T.I.: Well, it seemed ambitious, of course, as everything else that I've ever attempted to accomplish in my life and in my career. But just like anything else, man, we set a goal and we worked diligently to accomplish it. I've never set a goal for myself that I felt I couldn't accomplish.

Crave Online: What's one story of a young person on the show that you impacted?

T.I.: One was a gang member who was in a gang, but I don't think in his heart of hearts that he really wanted to be in a gang. I think he felt like he had to follow in his father's and his older brother's footsteps, and this was in Newnan, Georgia. Basically, we kind of went and picked him up, and I spent the day with him, as I spent the day with all of them, and took them to speak to someone who I held in very high regards as a child, my uncle, who actually spent ten years in prison. Me and my uncle had a similar relationship as Trey and his father, because his father's in prison. His brother's in prison. They're both trying to raise him over the phone, which was the relationship that my uncle and I had. So I sat him down with my uncle, and we kind of spoke to him. We went over the difficulties and the challenges of being in that situation. But we also made him knowledgeable of the fact that the burden is on him. He is the one who has to overcome these obstacles. I think at the end of the day, once Trey went home and as we've checked back up with him, he's doing better ever since.

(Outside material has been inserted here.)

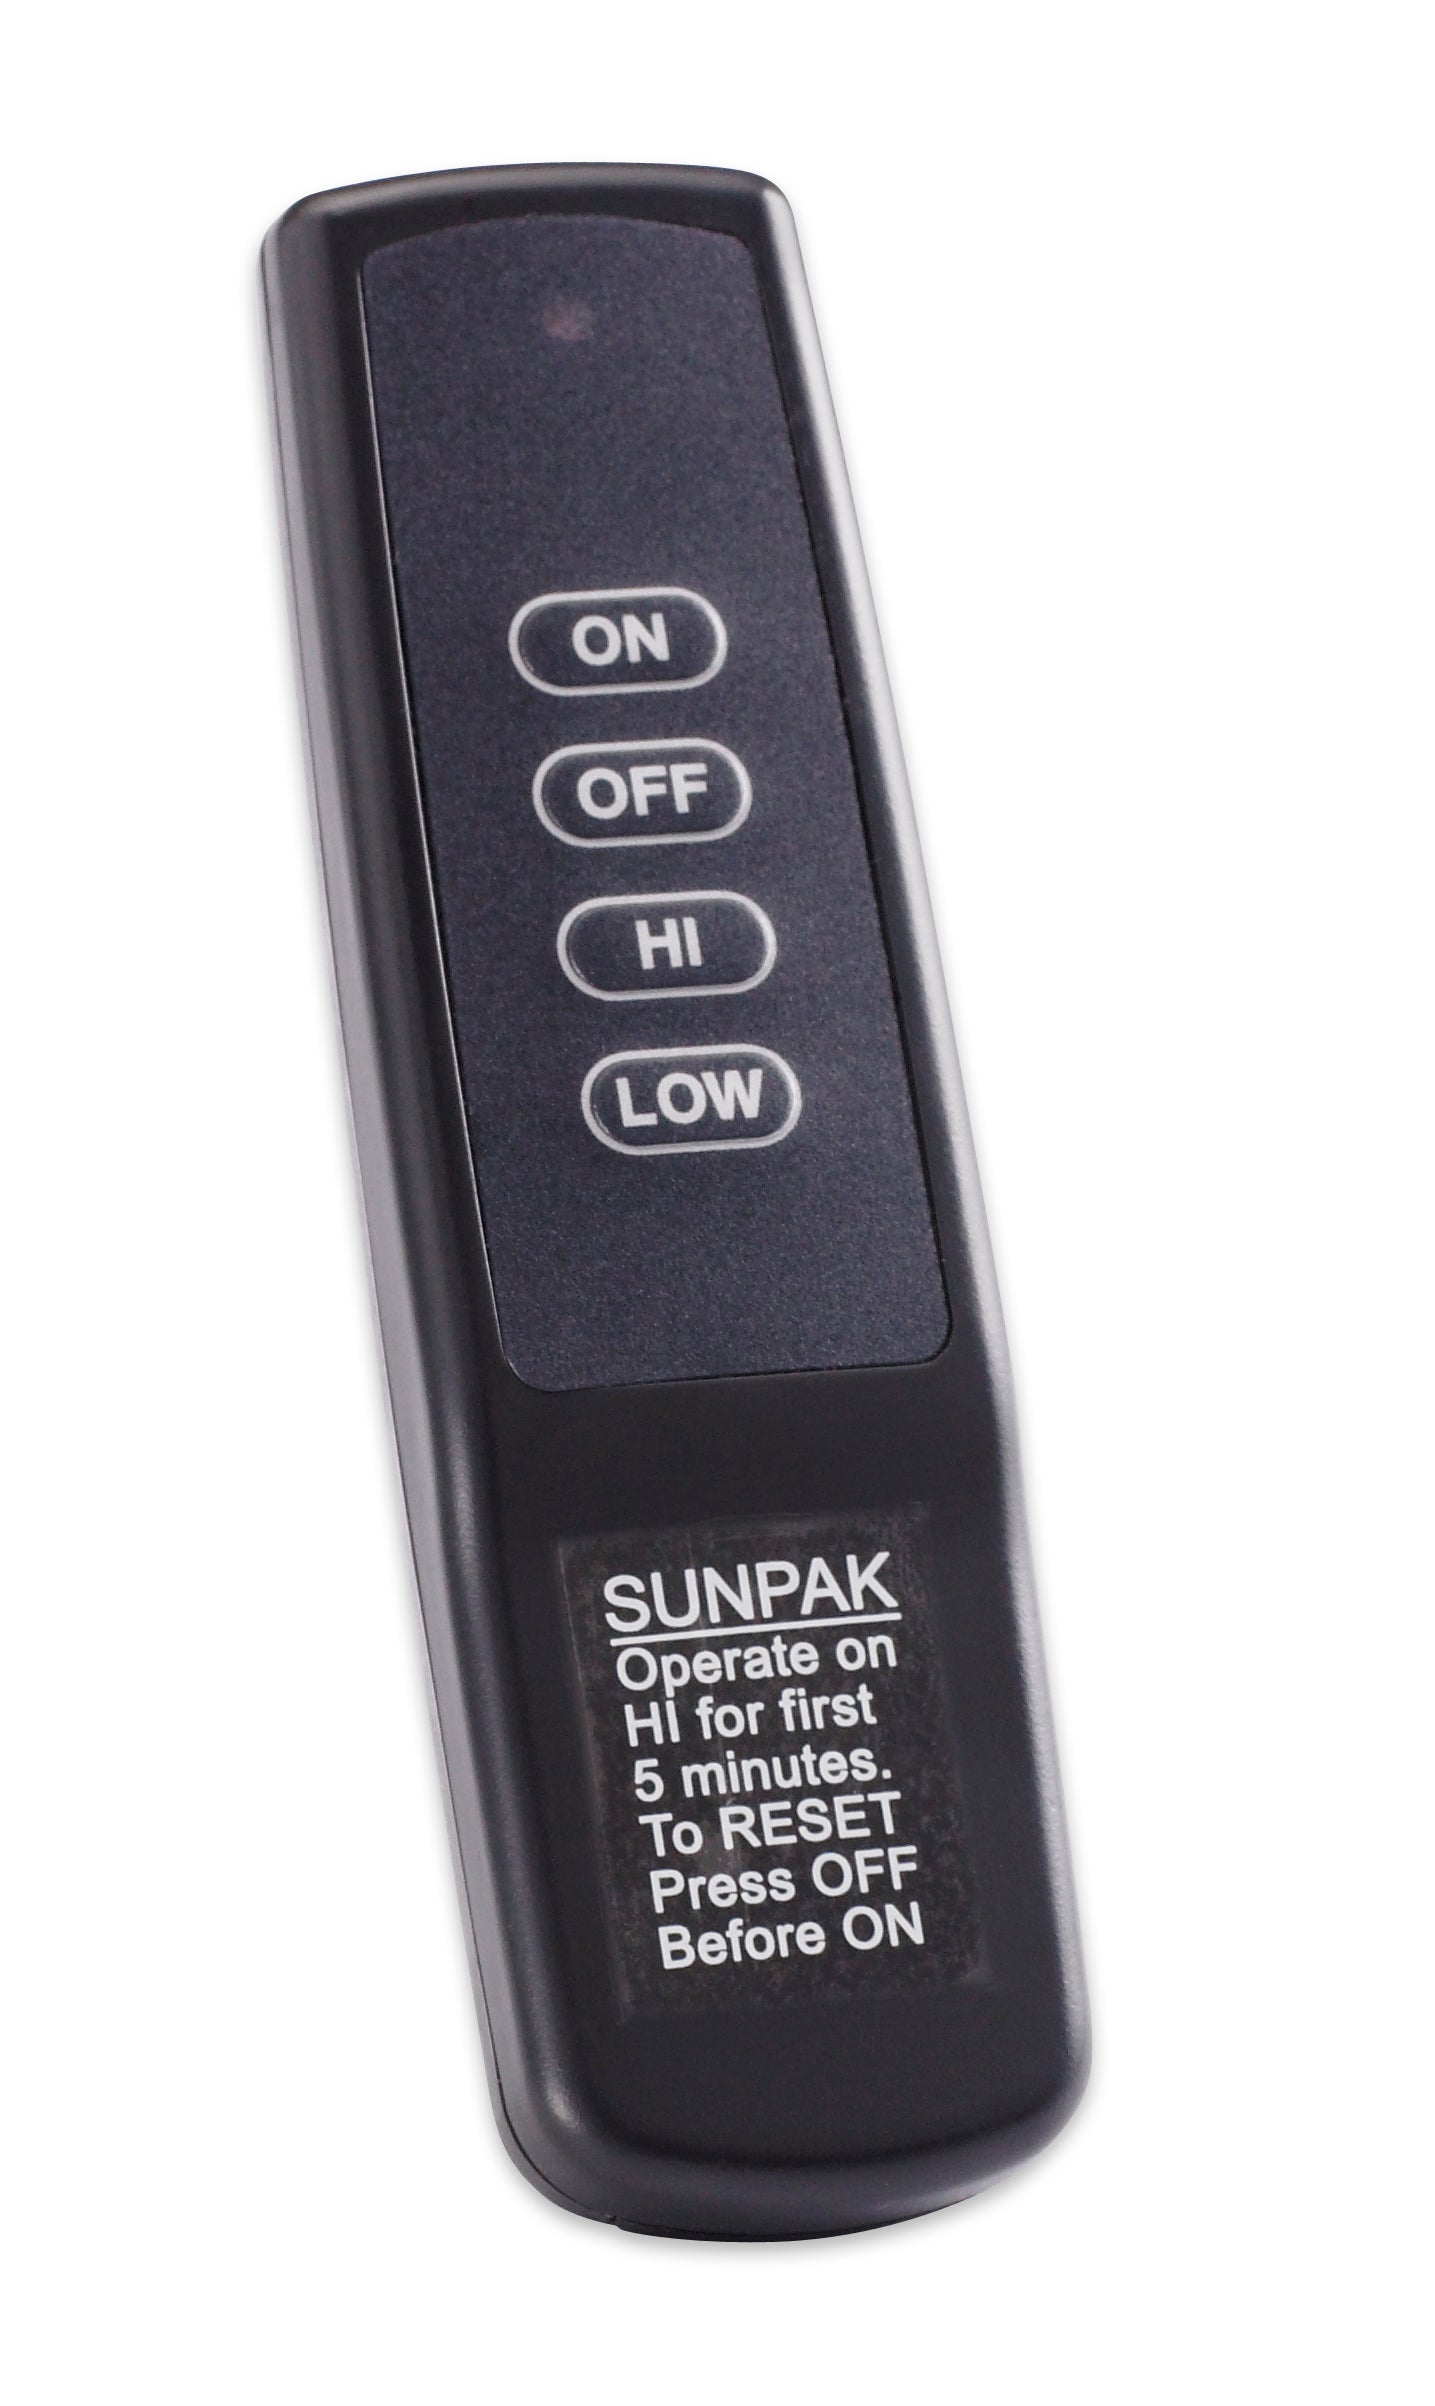 Sunpak Two Stage Infrared Patio Heater Electric Ignition -S34 TSR Stainless Steel- Remote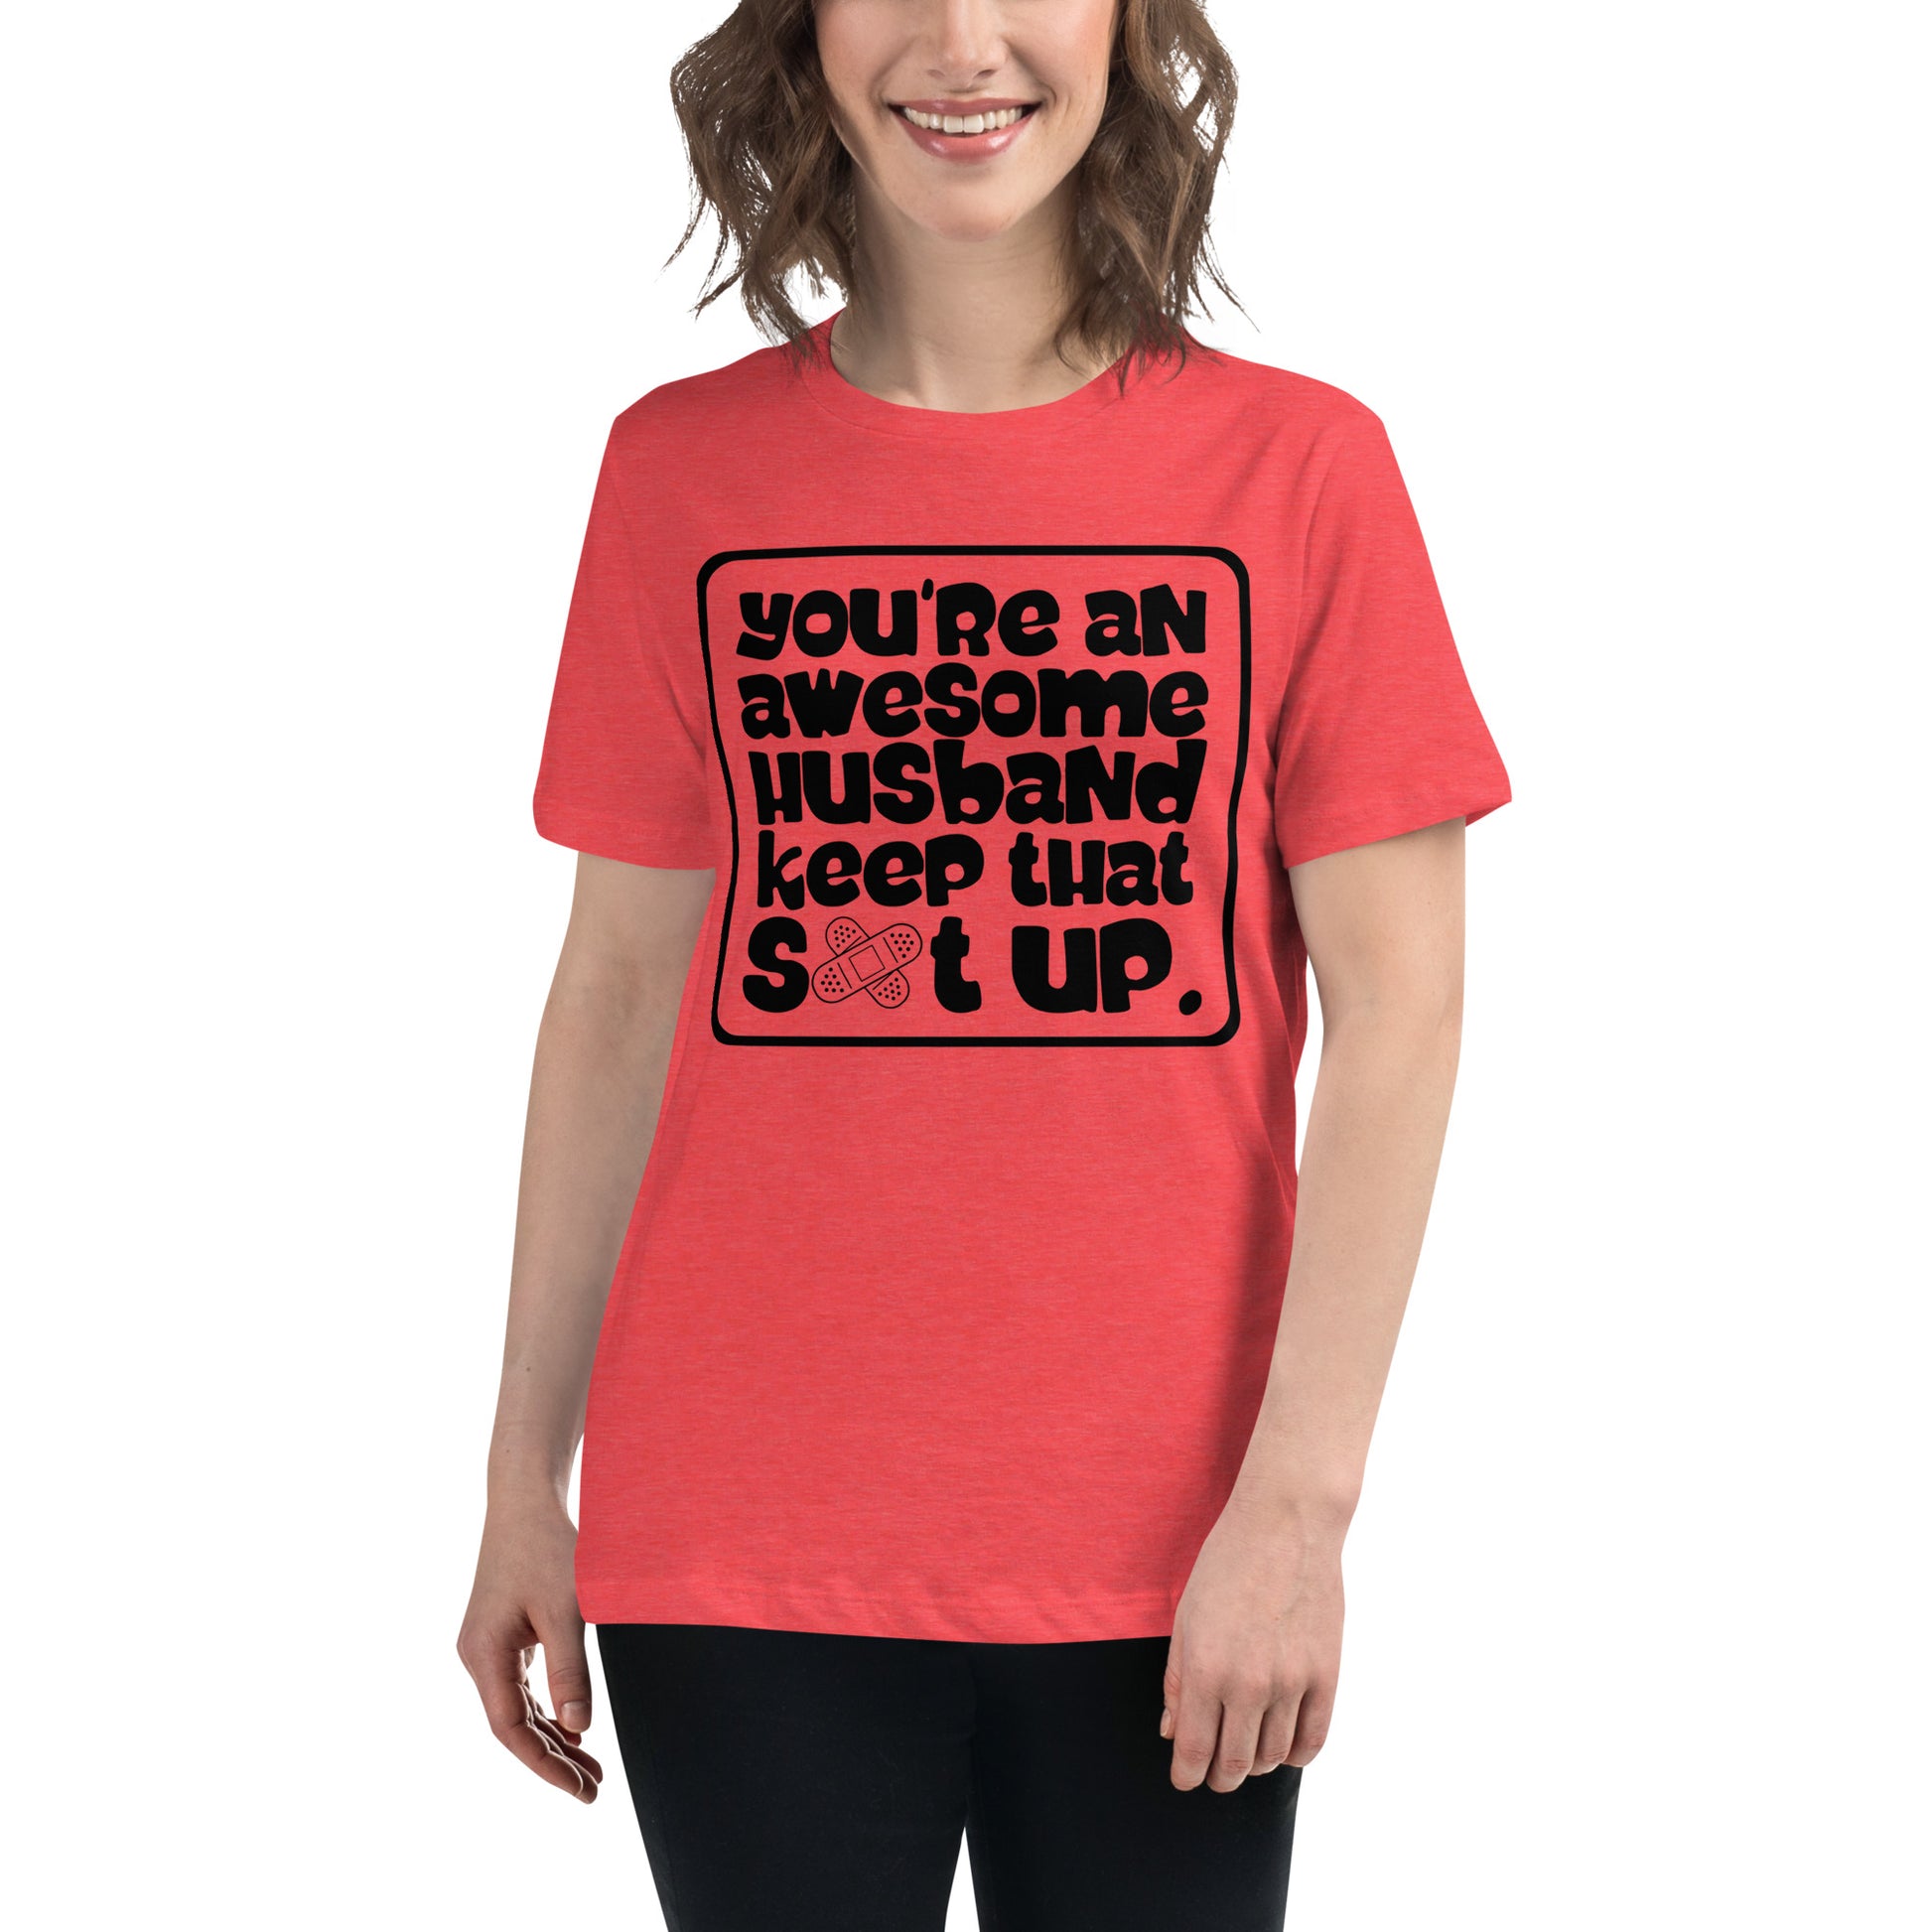 You're An Awesome Husband Keep That S*t Up Women's Relaxed T-Shirt

Not to spend too much time on just one particular story, because all of them are very special cases, and they're all brilliant kids in their own way. They're kids that want to do the right thing, but they just need to know how. They need to know something other than what they've been taught all of their life. As I speak to their moms and the people who are around them every day, I deliver this message very plainly and simply. I can strike the match. Somebody else has to fan the flame. After I leave, you've all got to keep the fire burning. It seems to be understood. Now, whether or not it's lost in translation as time goes forward, I don't know. I am the living example of what can happen. Like, you can go from absolutely nothing in life to beyond your wildest dreams if you're willing to work hard, believe in yourself and make the necessary sacrifices and adjust your lifestyle accordingly. I think that example is enough to inspire a lot of these kids.